**What needs to be done**
With every picture left out, give the data below back exactly.

**Dataset excerpt**
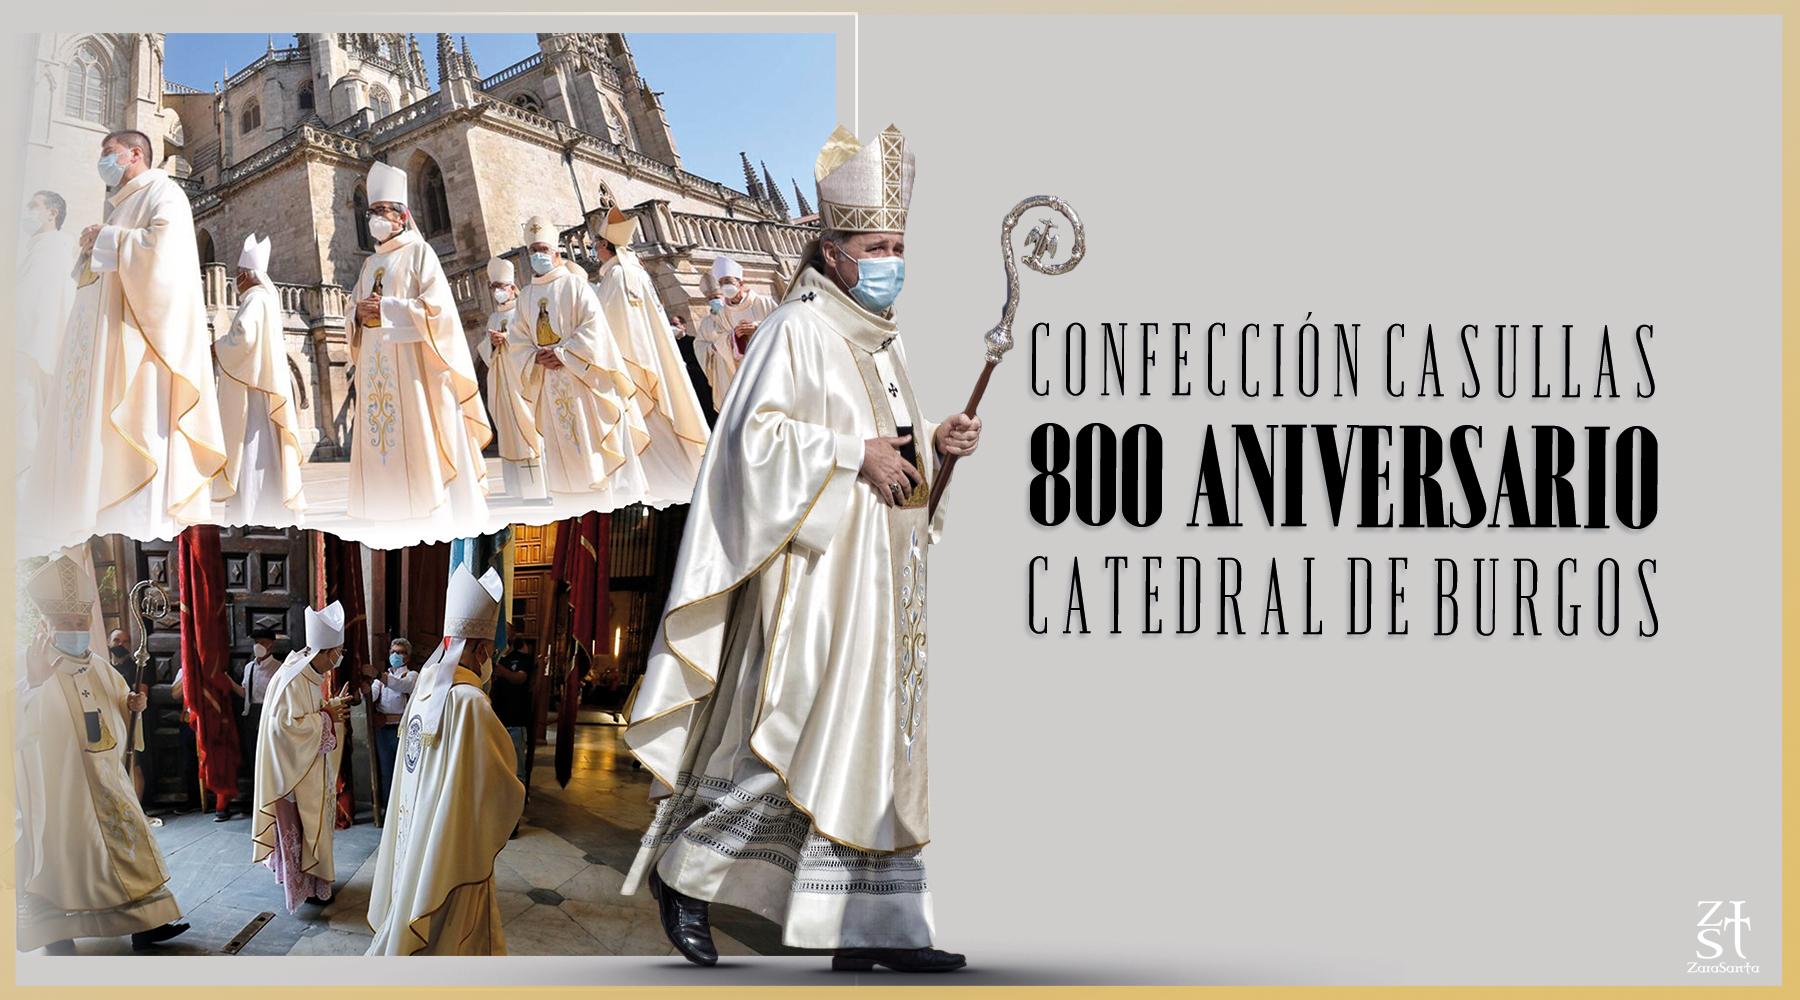 Aniversario catedral de Burgos
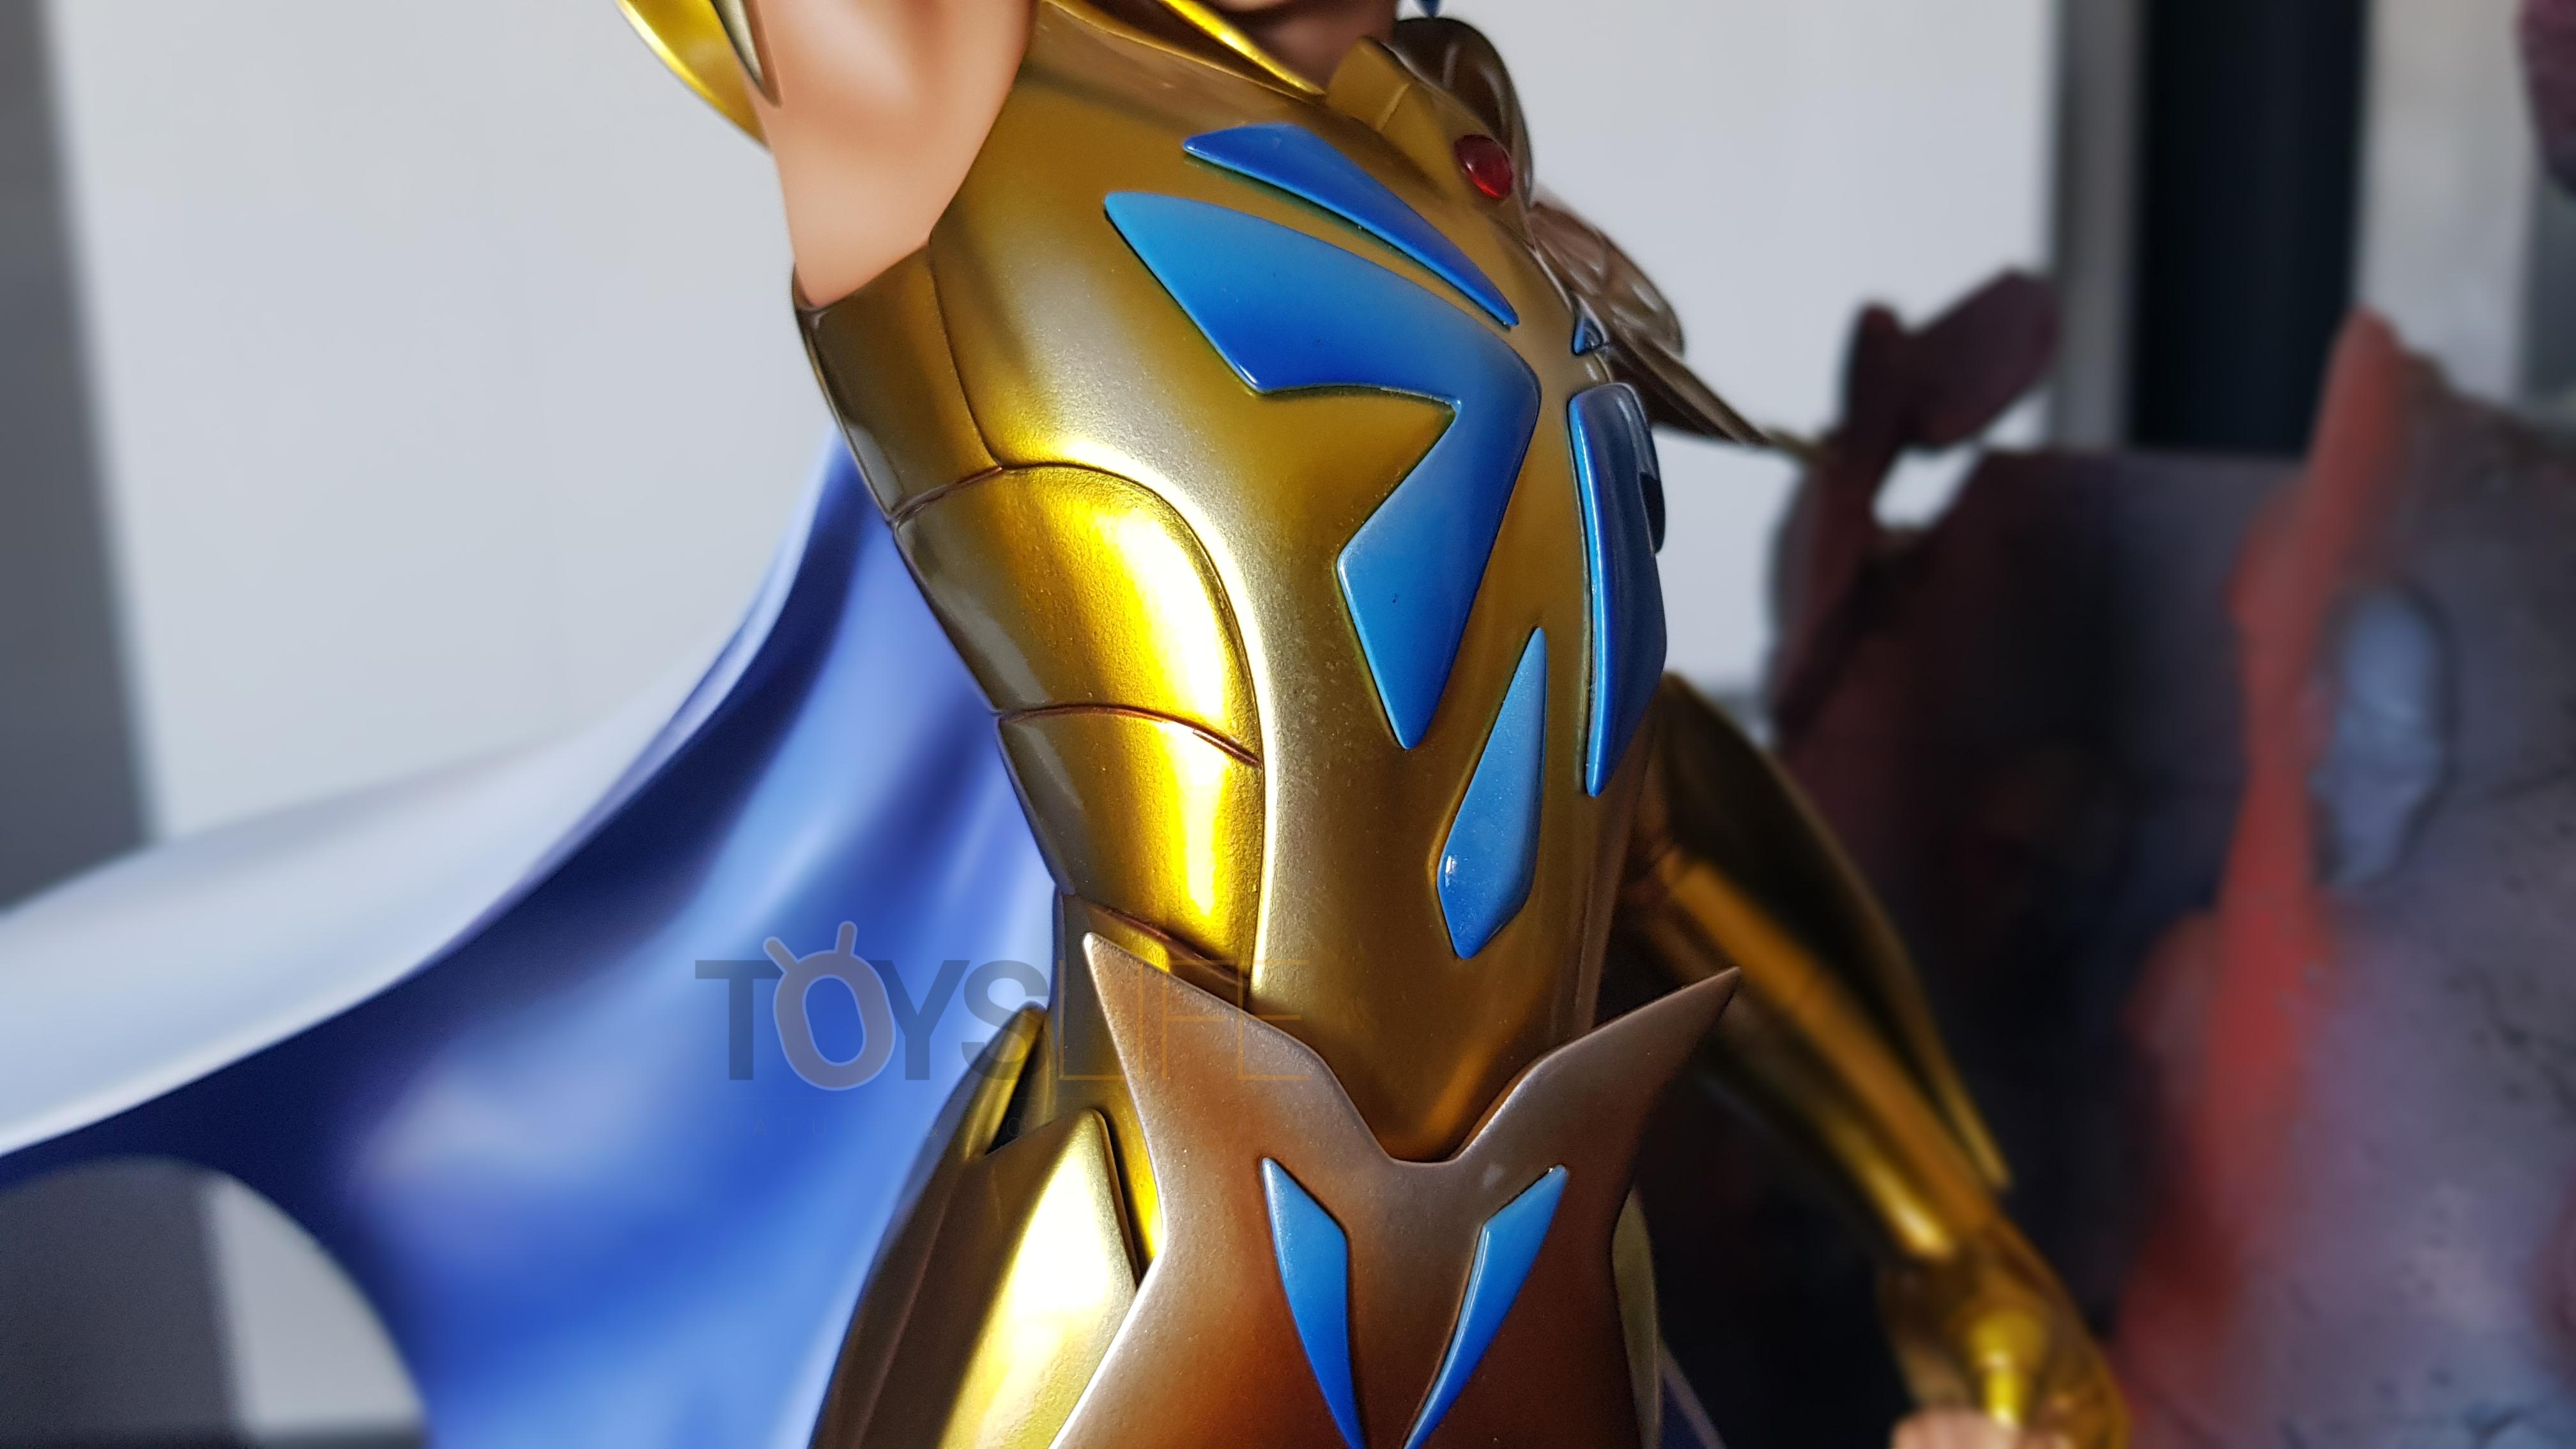 tsume-art-saint-seiya-gold-saint-death-mask-statue-toyslife-review-20
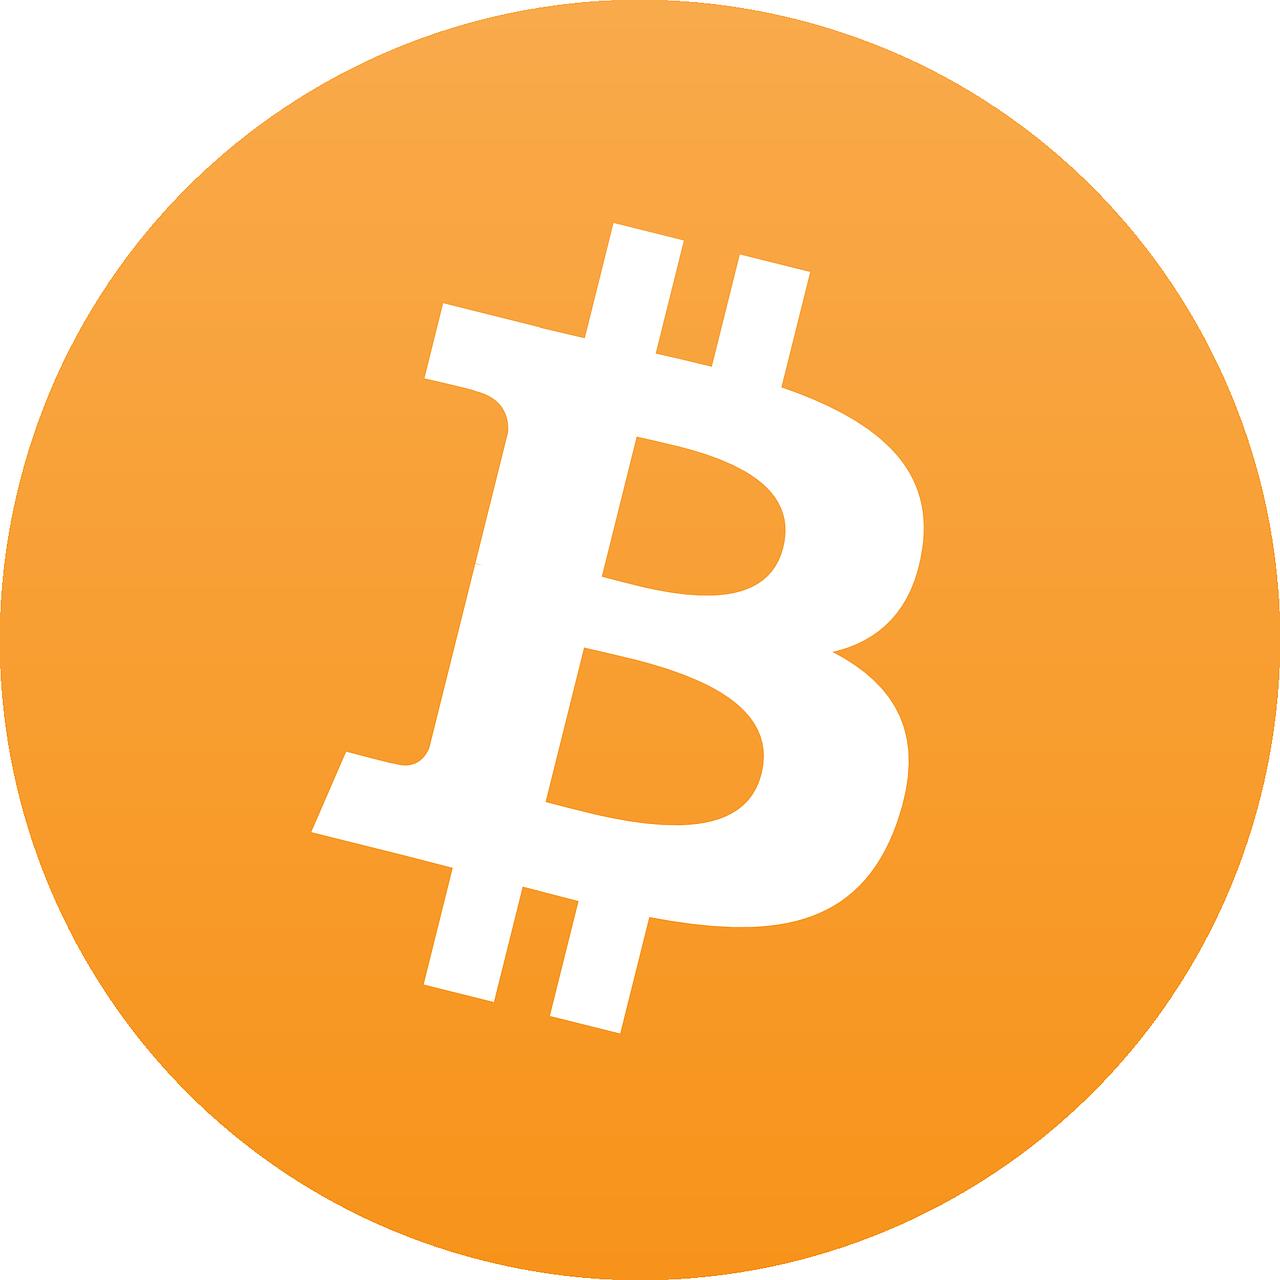 Coin clipart english.  minimal css frameworks

**Output for this exercise**
 Aniversario catedral de Burgos
 tsume-art-saint-seiya-gold-saint-death-mask-statue-toyslife-review-20
 Coin clipart english.  minimal css frameworks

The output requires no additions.